1 - Started by running diff /var/lib/one/datastores/100/94/deployment.0 /var/lib/one/datastores/100/93/deployment.0
, and confirmed the only relevant differences were:
< <source file='/var/lib/one/datastores/100/94/disk.0'/>
---
> <source file='/var/lib/one/datastores/100/93/disk.0'/>
22c22
< <source file='/var/lib/one/datastores/100/94/disk.1'/>
---
> <source file='/var/lib/one/datastores/100/93/disk.1'/>
2 - As next step I looked at the full path from every disk.0
to the two actual qcow2 files.

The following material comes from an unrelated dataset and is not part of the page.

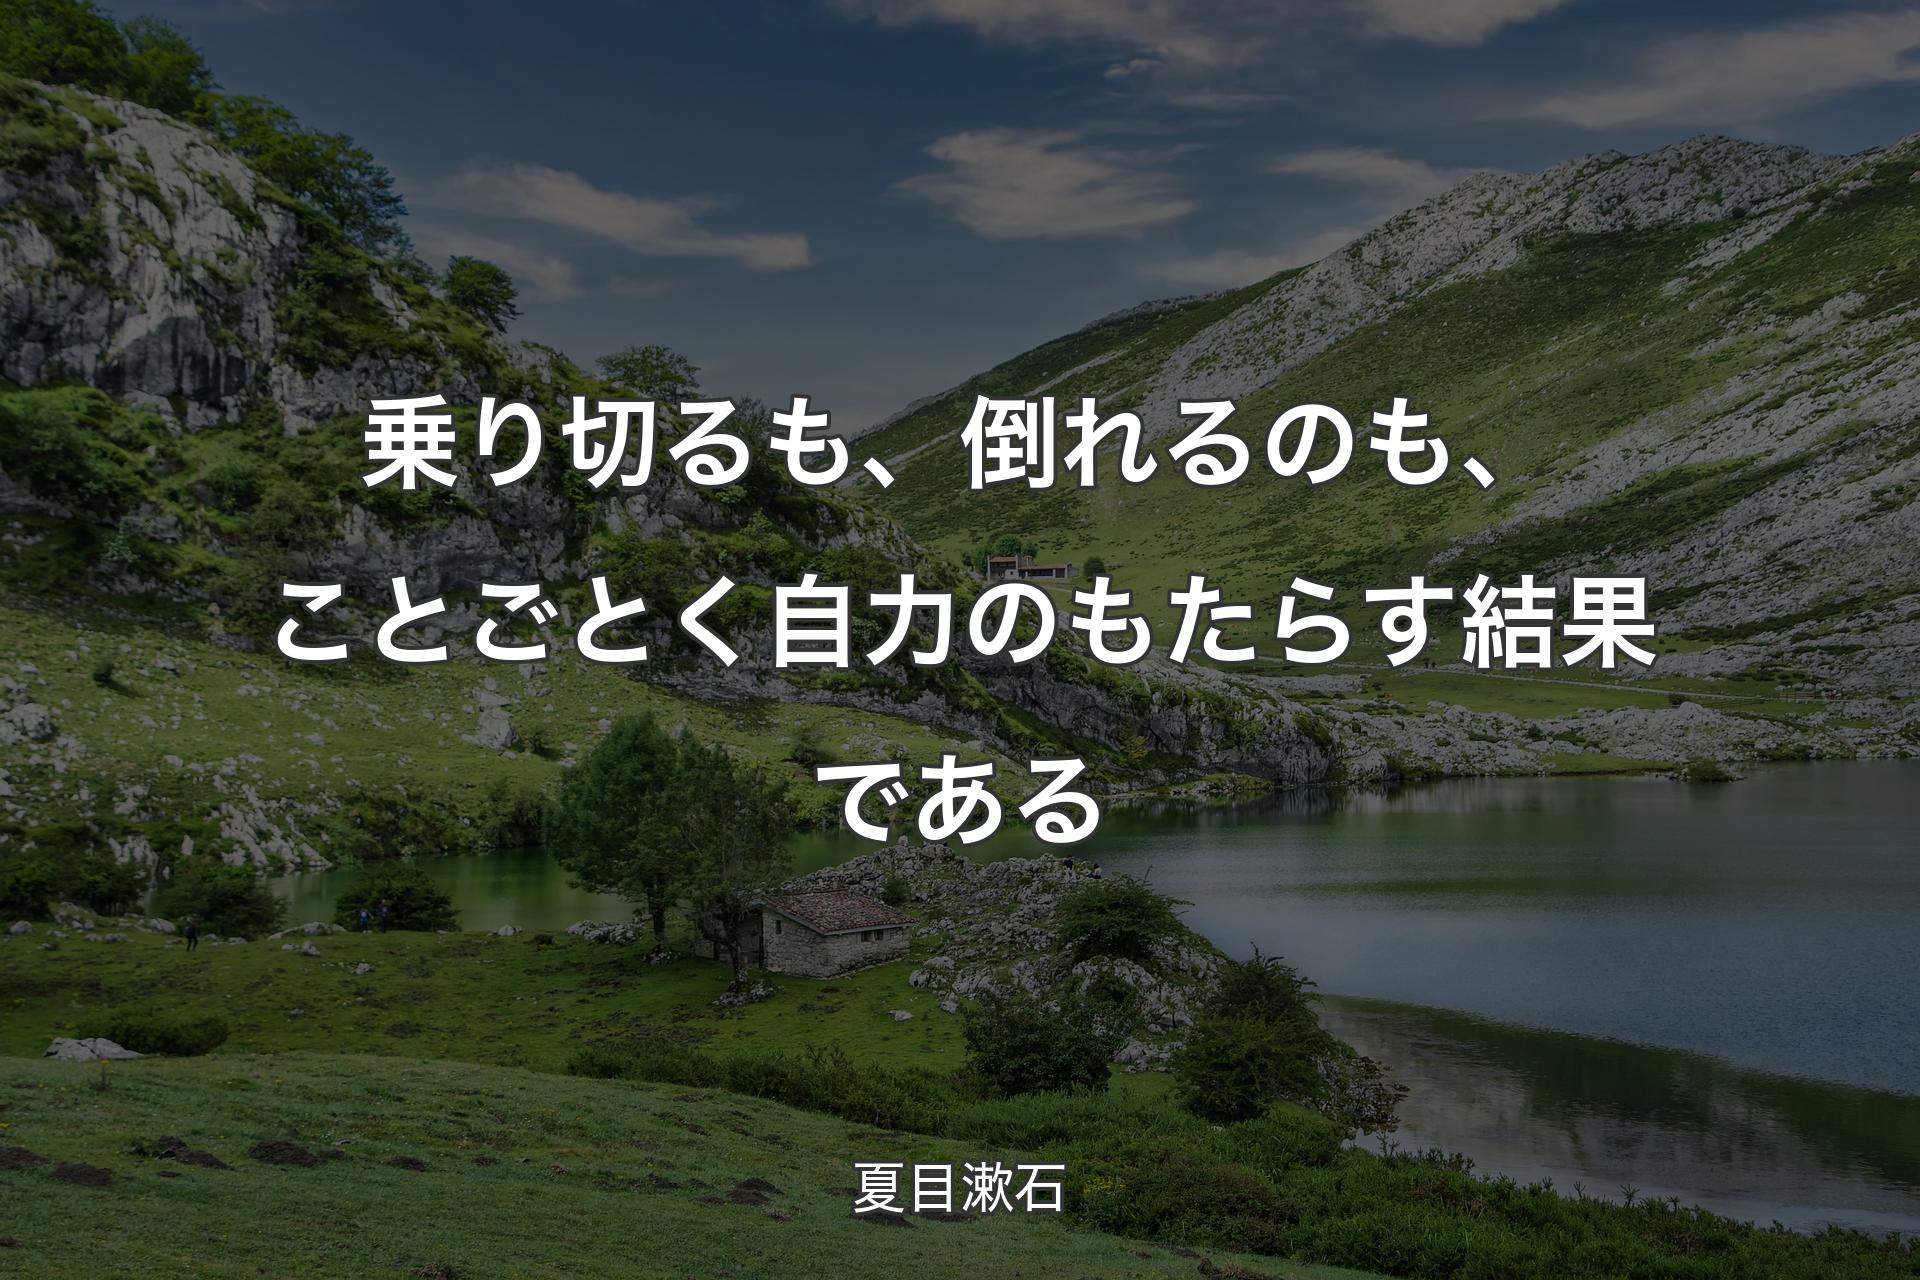 乗り切るも、倒れるのも、ことごとく自力のもたらす結果である - 夏目漱石
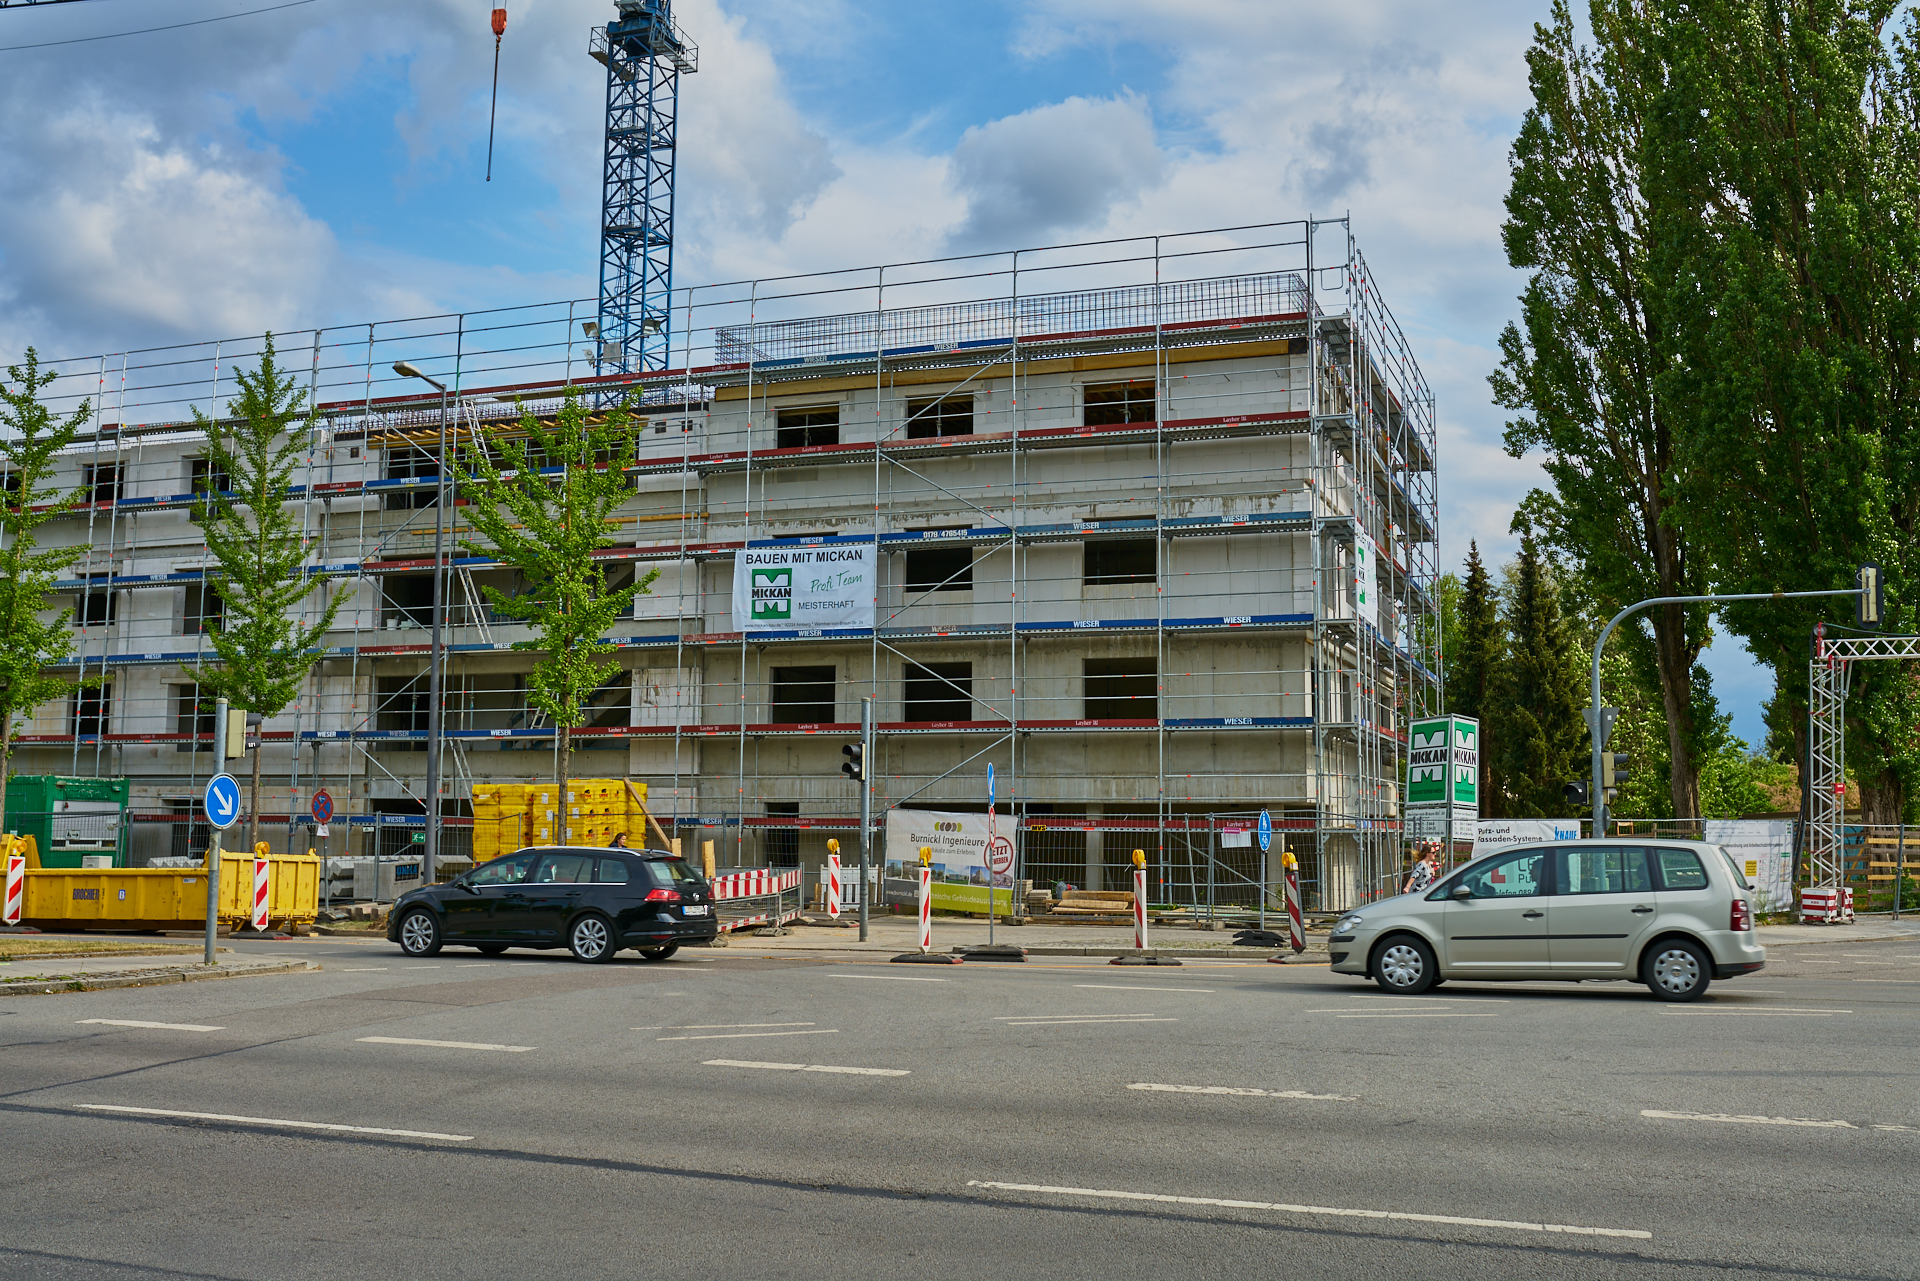 10.05.20018 - Baustelle Maikäfersiedlung in der Bad Schachener Straße in Neuperlach

This is 94:
root@za:~# ls -lha /var/lib/one/datastores/100/94/
total 11K
drwxr-xr-x 3 oneadmin oneadmin 6 Mar 14 11:13 .
drwxr-xr-x 12 oneadmin oneadmin 12 Mar 14 11:13 ..
-rw-r--r-- 1 oneadmin oneadmin 1.4K Mar 14 11:13 deployment.0
lrwxrwxrwx 1 oneadmin oneadmin 13 Mar 14 11:13 disk.0 -> disk.0.snap/0
drwxr-xr-x 2 oneadmin oneadmin 4 Mar 14 11:13 disk.0.snap
-rw-r--r-- 1 oneadmin oneadmin 364K Mar 14 11:13 disk.1
root@za:~# ls -lha /var/lib/one/datastores/100/94/disk.0.snap/
total 7.0K
drwxr-xr-x 2 oneadmin oneadmin 4 Mar 14 11:13 .
drwxr-xr-x 3 oneadmin oneadmin 6 Mar 14 11:13 ..
-rw-r--r-- 1 oneadmin oneadmin 193K Mar 14 11:13 0
lrwxrwxrwx 1 oneadmin oneadmin 1 Mar 14 11:13 disk.0.snap -> .
And this is 93:
root@za:~# ls -lha /var/lib/one/datastores/100/93/
total 11K
drwxr-xr-x 2 oneadmin oneadmin 6 Mar 14 11:13 .
drwxr-xr-x 12 oneadmin oneadmin 12 Mar 14 11:13 ..
-rw-r--r-- 1 oneadmin oneadmin 1.4K Mar 14 11:13 deployment.0
lrwxrwxrwx 1 oneadmin oneadmin 67 Mar 14 11:13 disk.0 -> /var/lib/one/datastores/103/0bc61cd241e410f1adbad737d908f073.snap/0
lrwxrwxrwx 1 oneadmin oneadmin 65 Mar 14 11:13 disk.0.snap -> /var/lib/one/datastores/103/0bc61cd241e410f1adbad737d908f073.snap
-rw-r--r-- 1 oneadmin oneadmin 364K Mar 14 11:13 disk.1
root@za:~# ls -lha /var/lib/one/datastores/103/0bc61cd241e410f1adbad737d908f073.snap/0
lrwxrwxrwx 1 oneadmin oneadmin 60 Mar 14 11:13 /var/lib/one/datastores/103/0bc61cd241e410f1adbad737d908f073.snap/0 -> /var/lib/one/datastores/103/0bc61cd241e410f1adbad737d908f073
root@za:~# ls -lha /var/lib/one/datastores/103/0bc61cd241e410f1adbad737d908f073
-rw-r--r-- 1 oneadmin oneadmin 404M Mar 19 16:25 /var/lib/one/datastores/103/0bc61cd241e410f1adbad737d908f073
3 - Permissions seemed to be ok top to bottom, so I double checked the img status:
root@za:~# qemu-img info /var/lib/one/datastores/100/93/disk.0
image: /var/lib/one/datastores/100/93/disk.0
file format: qcow2
virtual size: 2.2G (2361393152 bytes)
disk size: 353M
cluster_size: 65536
Format specific information:
compat: 1.1
lazy refcounts: false
refcount bits: 16
corrupt: false
root@za:~# qemu-img info /var/lib/one/datastores/100/94/disk.0
image: /var/lib/one/datastores/100/94/disk.0
file format: qcow2
virtual size: 2.2G (2361393152 bytes)
disk size: 4.5K
cluster_size: 65536
backing file: /var/lib/one/datastores/103/2653eac24c15f35c043e7bcde31c7a51
backing file format: qcow2
Format specific information:
compat: 1.1
lazy refcounts: false
refcount bits: 16
corrupt: false
4 - At this point I spent hours fiddling with any kind of permission. Out of hope, I changed ownership for the entire chain of files to a temporary user, updated qemu.conf
and rebooted.
5 - Things were at this point way more broken than they used to be.
6 - Restored the original qemu.conf
(effectively fully rolling back the initial status of my machine), rebooted again.
Everything started working. I have no explanation whatsoever for this. I checked all the permissions from my terminal log, and I’ve restored them exactly as they were previously. The only .conf file I’ve touched has been restored from local backup, so it’s the same.
The only thing which happened is a reboot.
Well, I guess all is well what ends well. Thanks a lot for your support.